**Records drawn from a dataset**.
+++
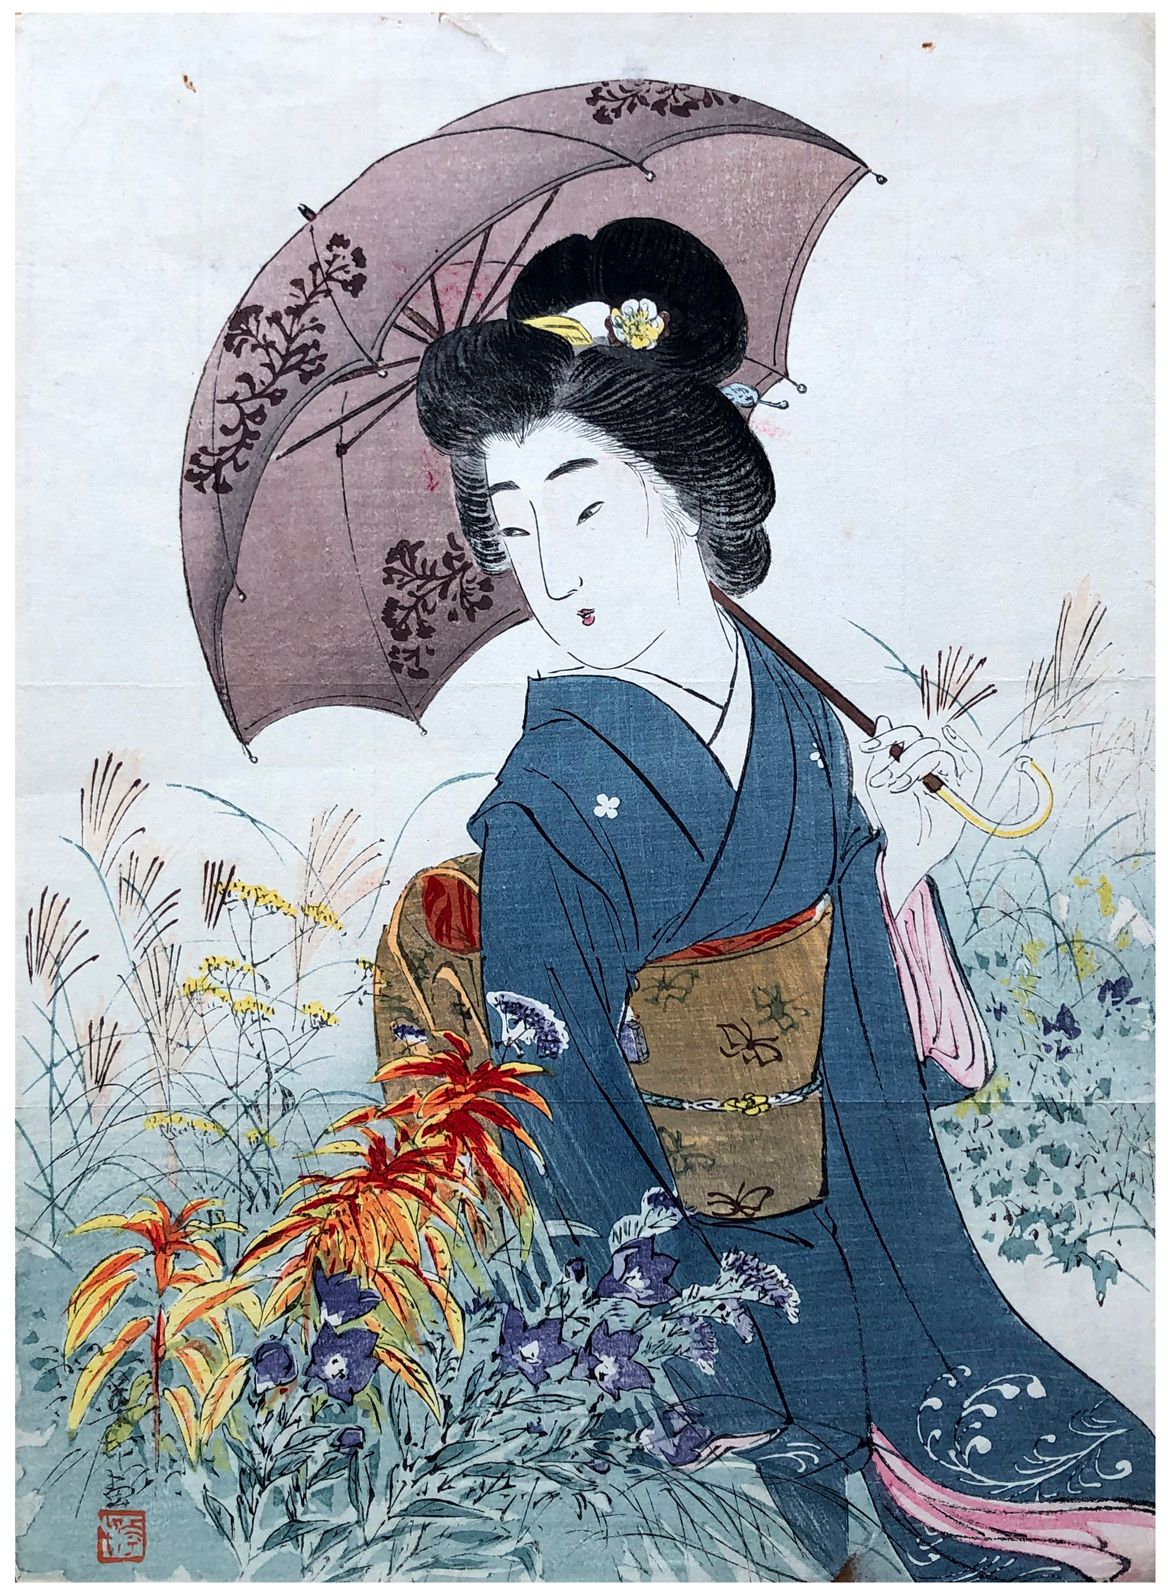 Japanese Woodblock Print by Suzuki Kason Bijin in Autumn Garden 
Pequeña pérdida&hellip;
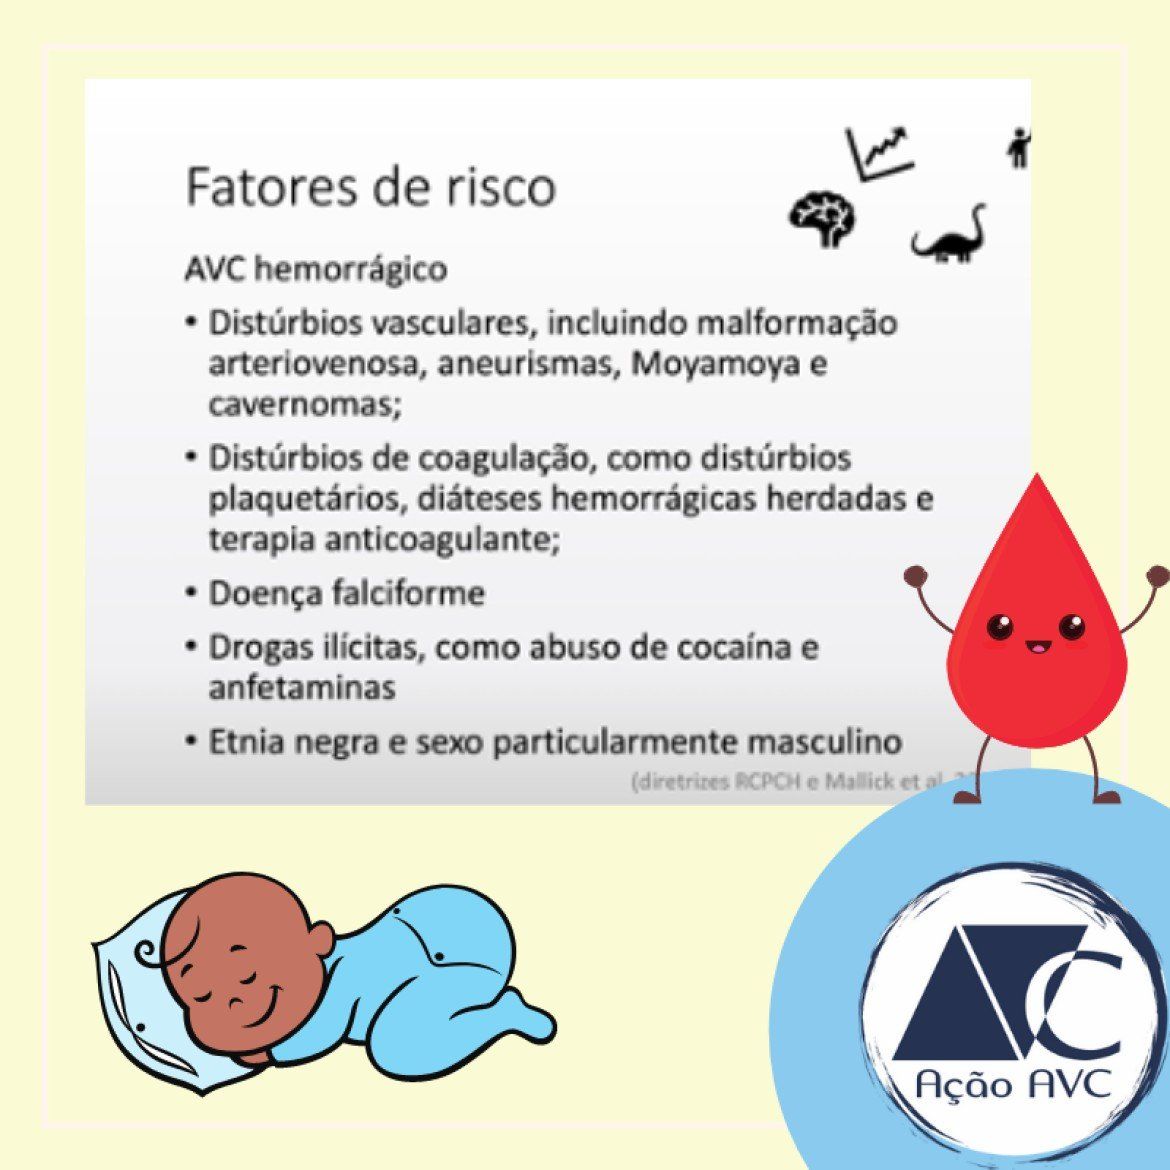 Fatores de risco AVC hemorrágico nas crianças
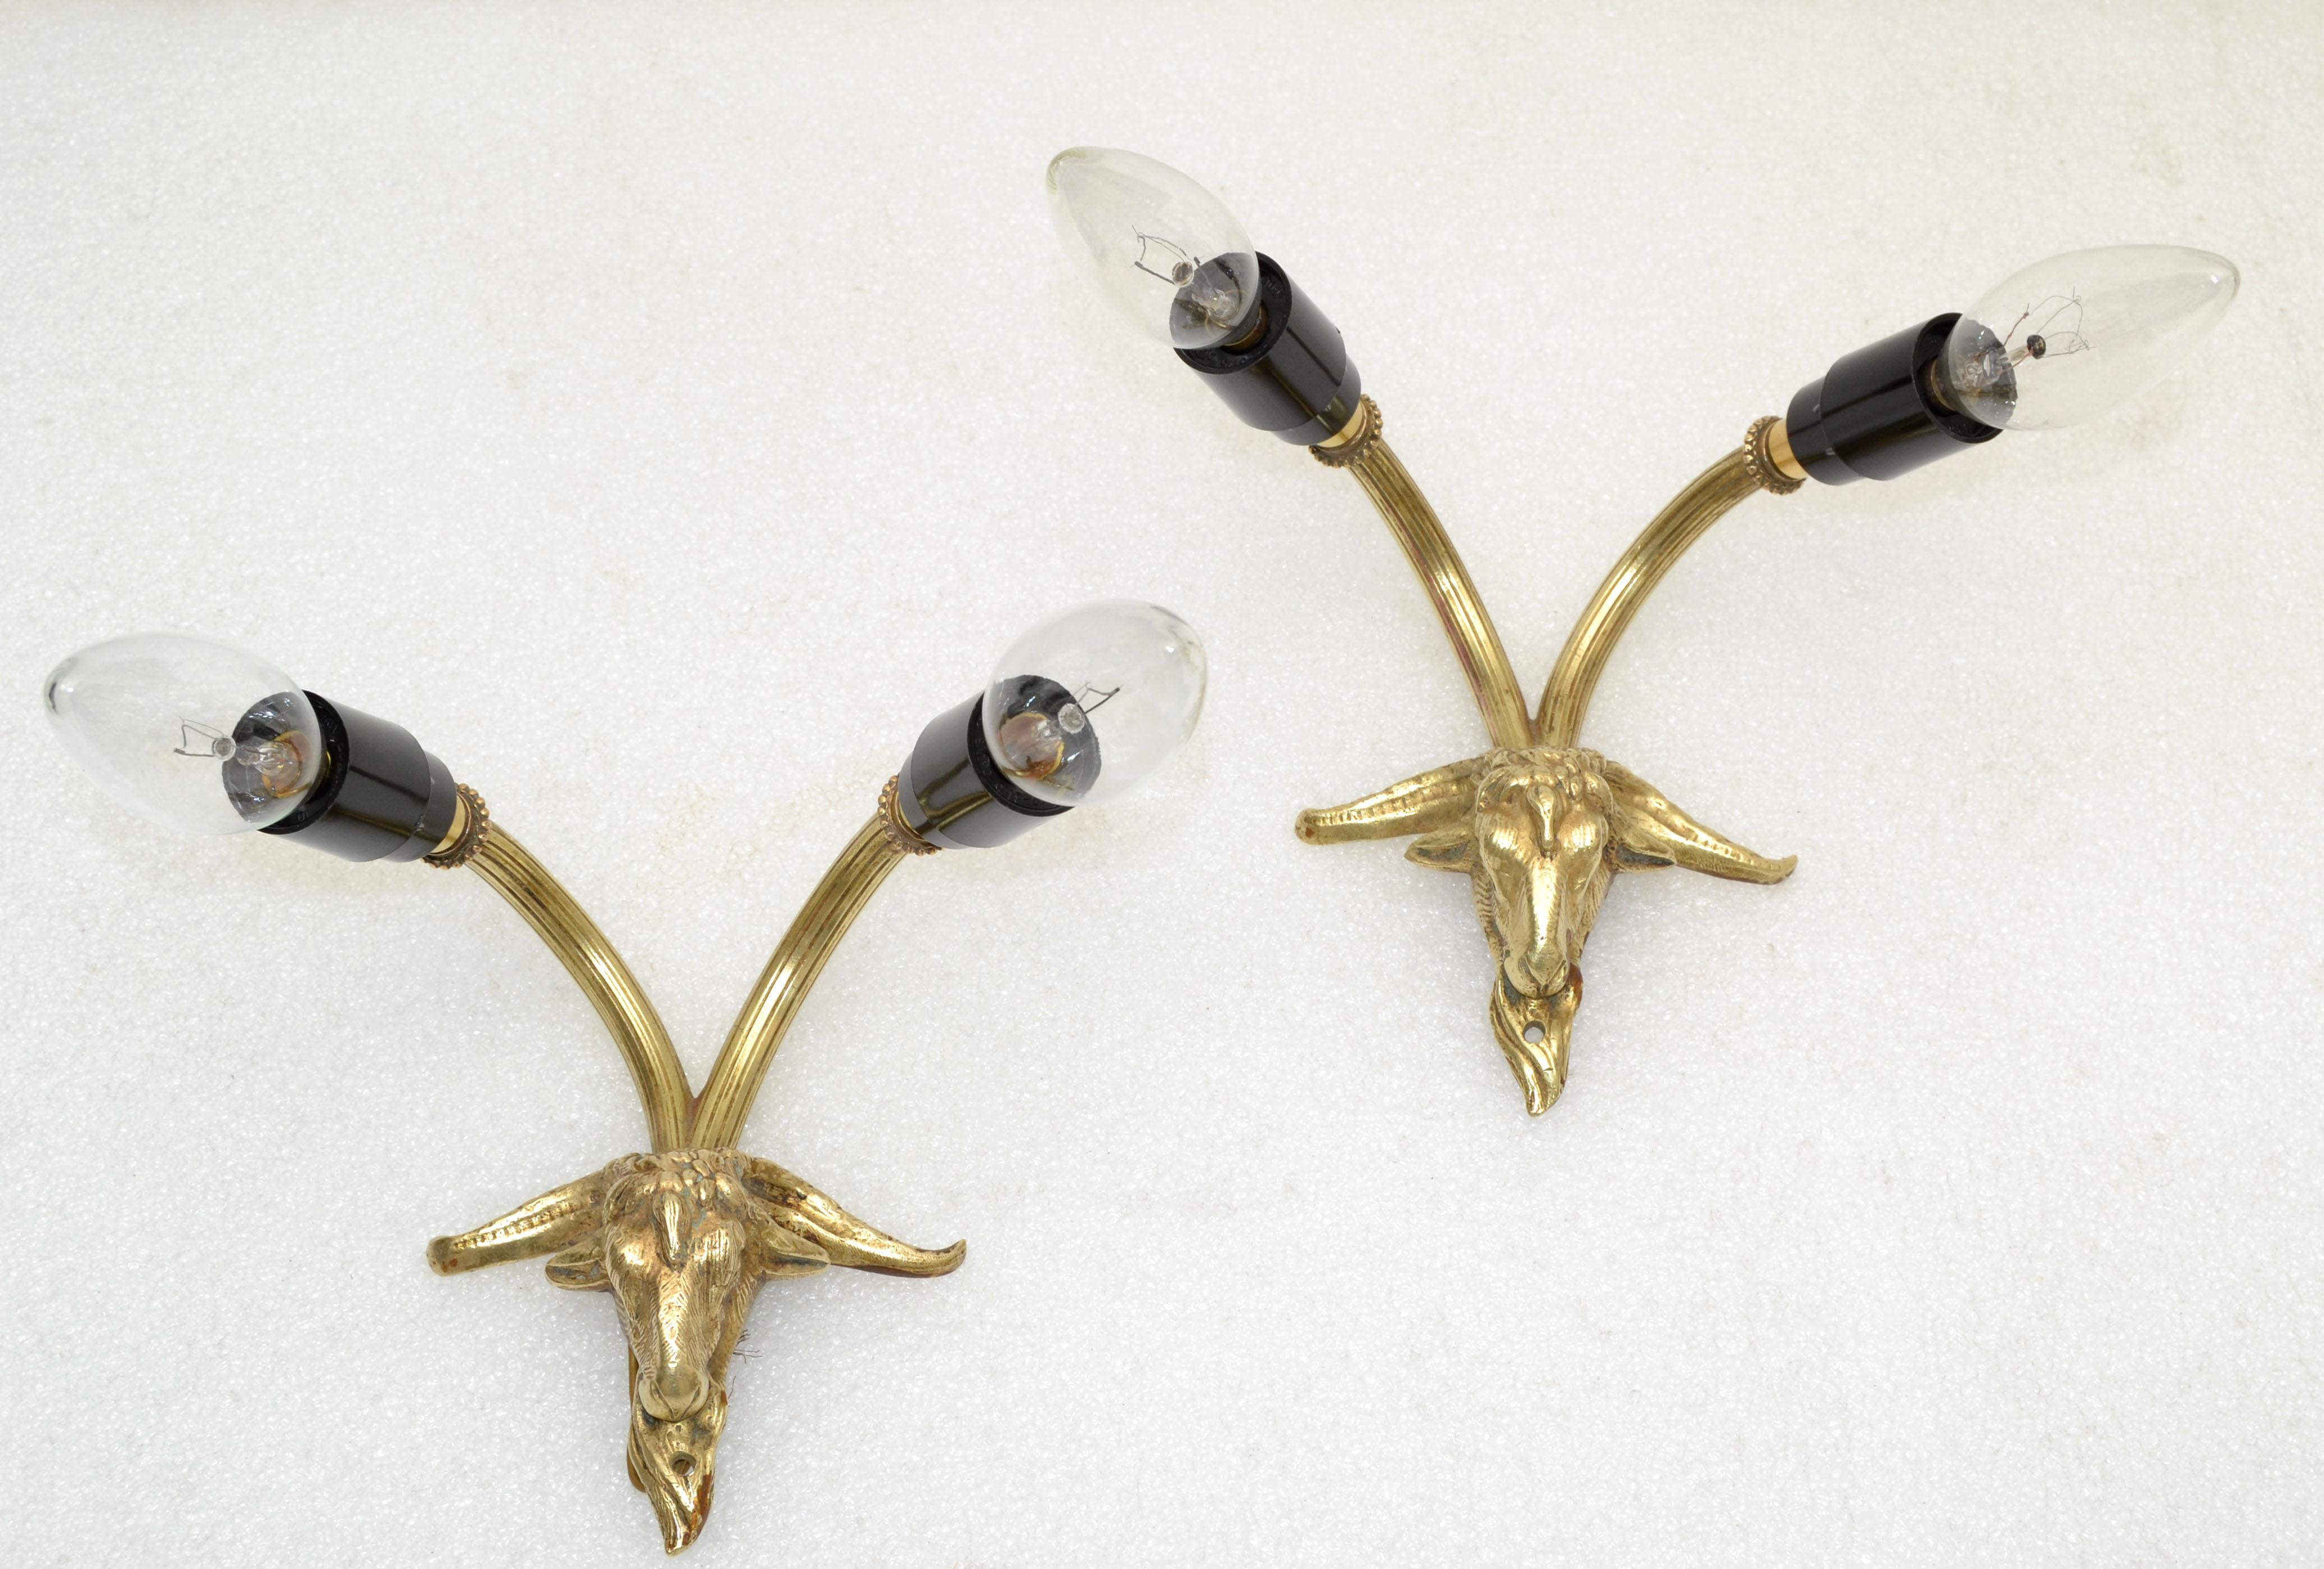 Paar französische neoklassizistische 2 Lichter Bronze Ziege Wandleuchter aus den 1960.
US Rewiring und nimmt jeweils 2 Kandelaber Glühbirne max. 40 Watt.
Rückenplatte: 1.25 x 3 Zoll. Anschlusskastendeckel in 5 Zoll Durchmesser gegen Aufpreis
+++
Apart from the pictures, every record must be set down exactly.

 Japanese Woodblock Print by Suzuki Kason Bijin in Autumn Garden 
Pequeña pérdida&hellip;
 Fatores de risco AVC hemorrágico nas crianças
 Paar französische neoklassizistische 2 Lichter Bronze Ziege Wandleuchter aus den 1960.
US Rewiring und nimmt jeweils 2 Kandelaber Glühbirne max. 40 Watt.
Rückenplatte: 1.25 x 3 Zoll. Anschlusskastendeckel in 5 Zoll Durchmesser gegen Aufpreis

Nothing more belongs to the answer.